- [Your instructions]
Beginning at the line that contains "SOLS Ness Unisex", reproduce the entries below exactly, ending with the line that contains "Download Μέσα στον". Omit each picture.
** Opening Entries provided block **
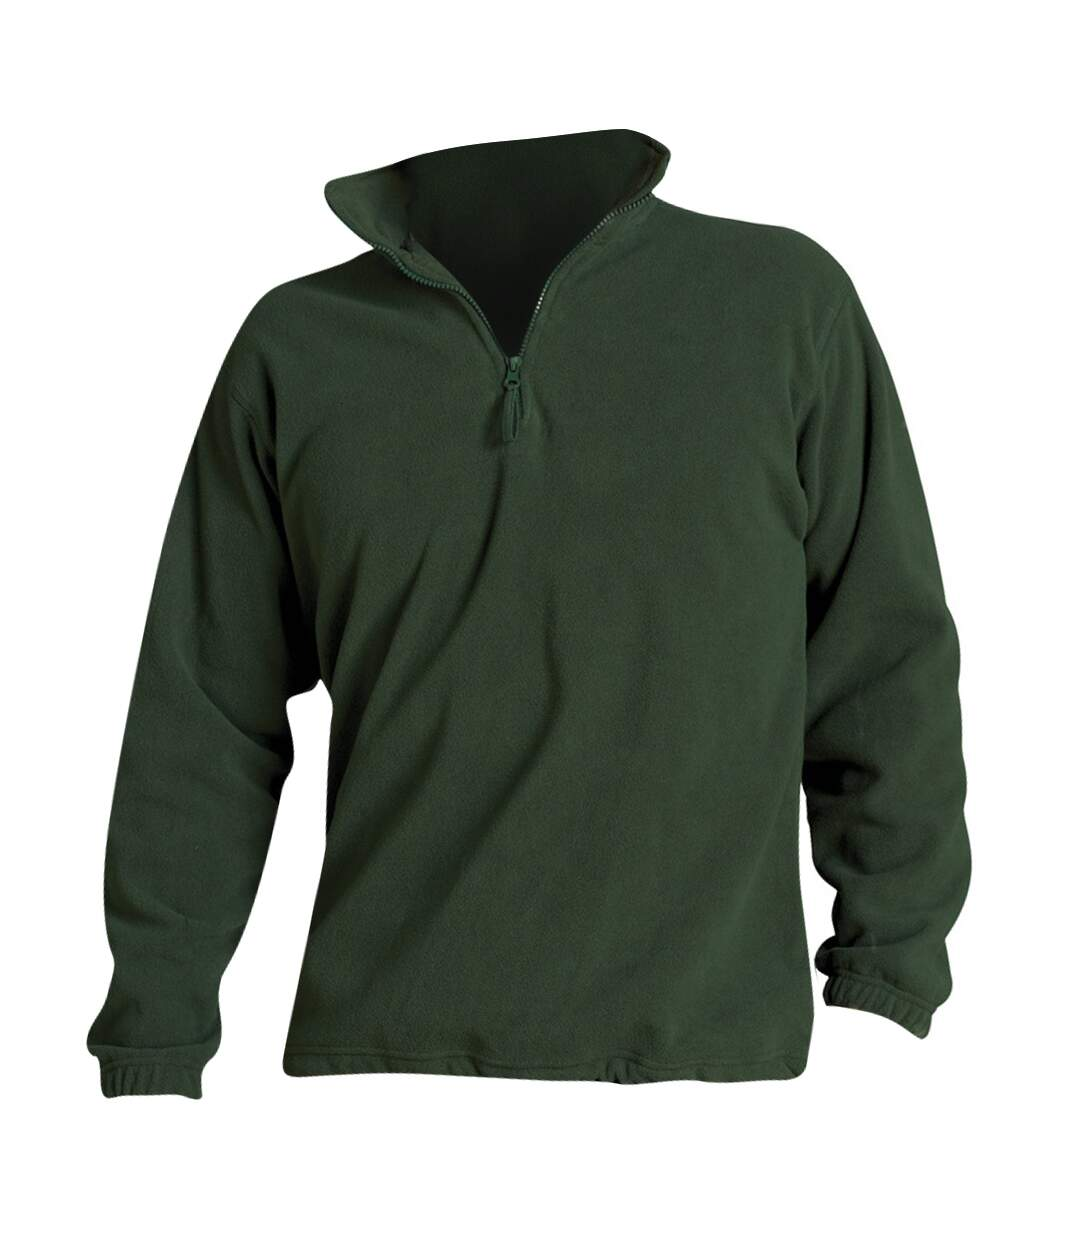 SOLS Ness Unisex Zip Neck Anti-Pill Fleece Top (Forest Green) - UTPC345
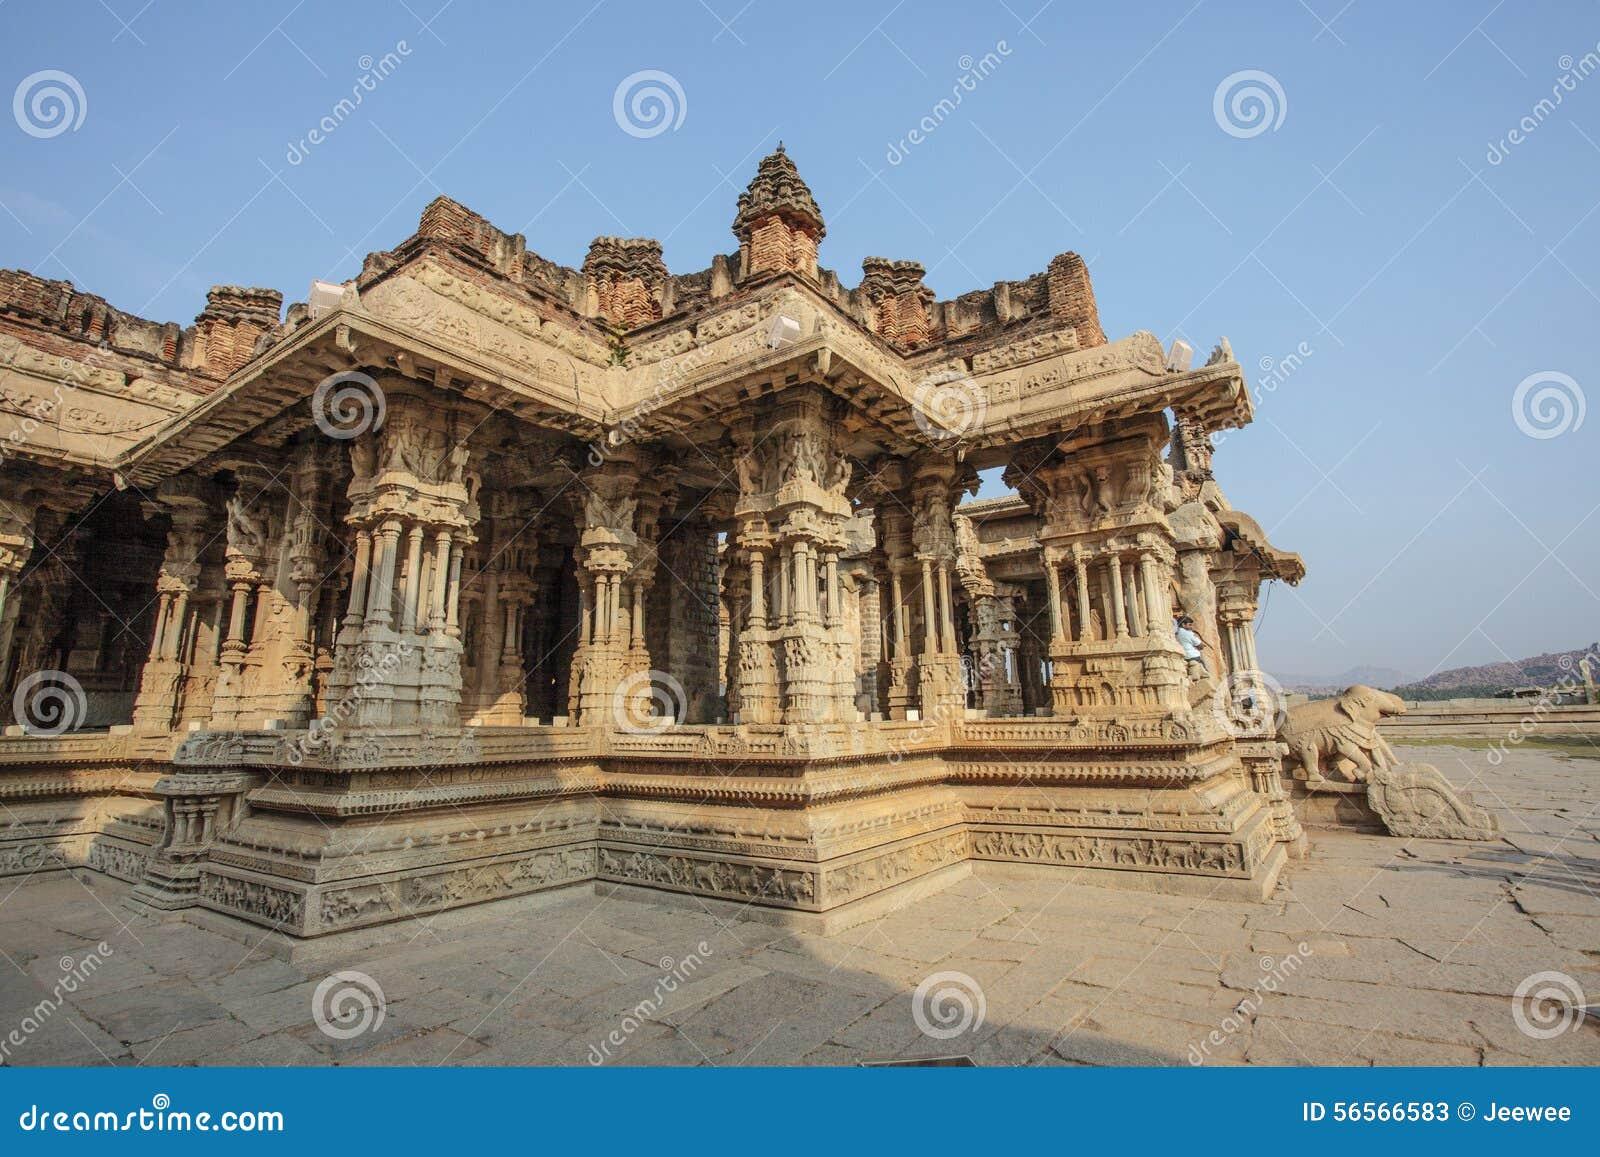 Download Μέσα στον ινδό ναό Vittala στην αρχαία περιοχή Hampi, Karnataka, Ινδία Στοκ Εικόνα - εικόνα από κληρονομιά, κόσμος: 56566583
** Closing Entries provided block **
** Opening Entries provided block **
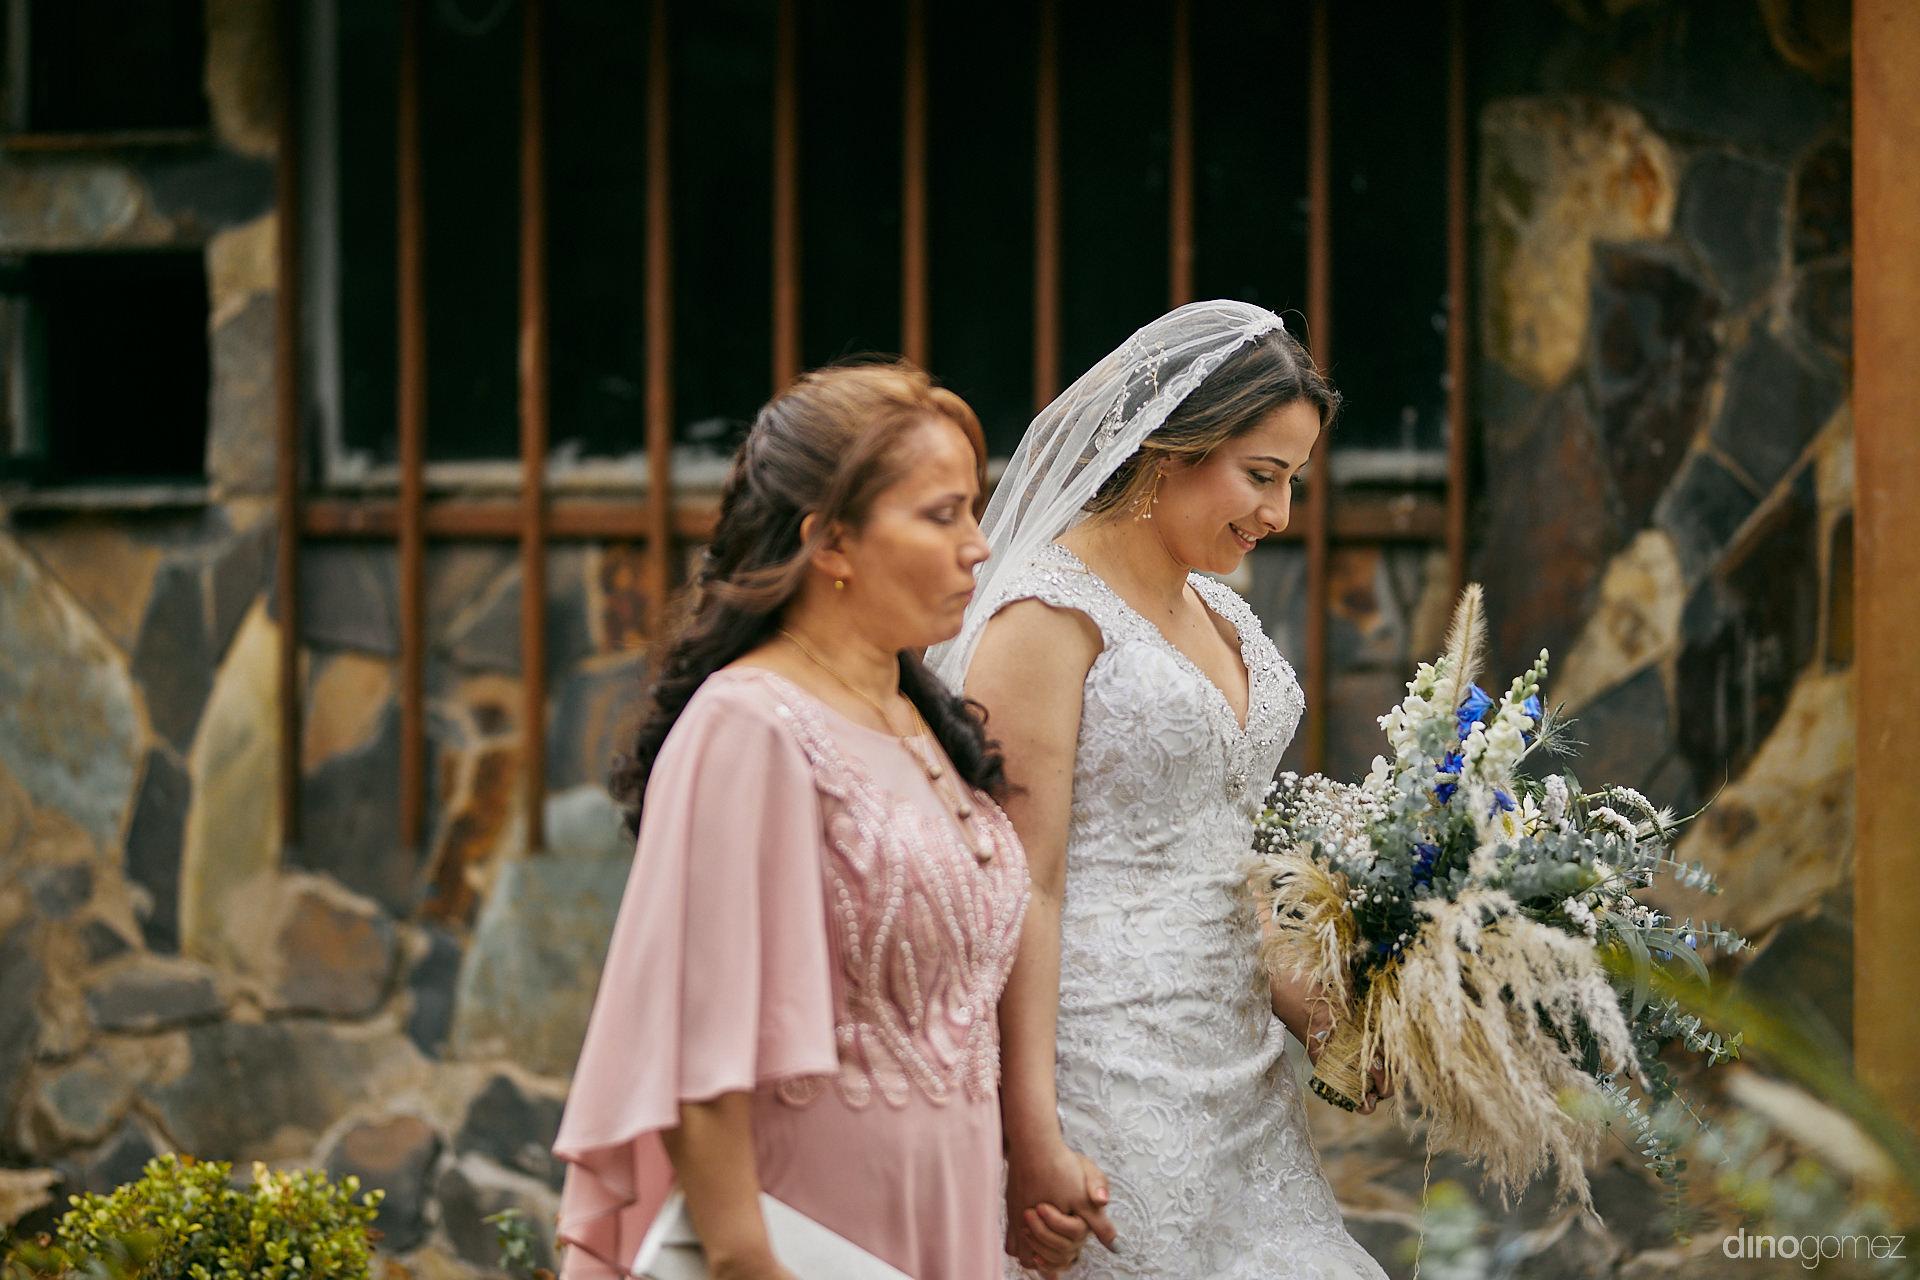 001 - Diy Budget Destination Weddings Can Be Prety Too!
** Closing Entries provided block **
- [Exercise response]
 SOLS Ness Unisex Zip Neck Anti-Pill Fleece Top (Forest Green) - UTPC345
 Download Μέσα στον ινδό ναό Vittala στην αρχαία περιοχή Hampi, Karnataka, Ινδία Στοκ Εικόνα - εικόνα από κληρονομιά, κόσμος: 56566583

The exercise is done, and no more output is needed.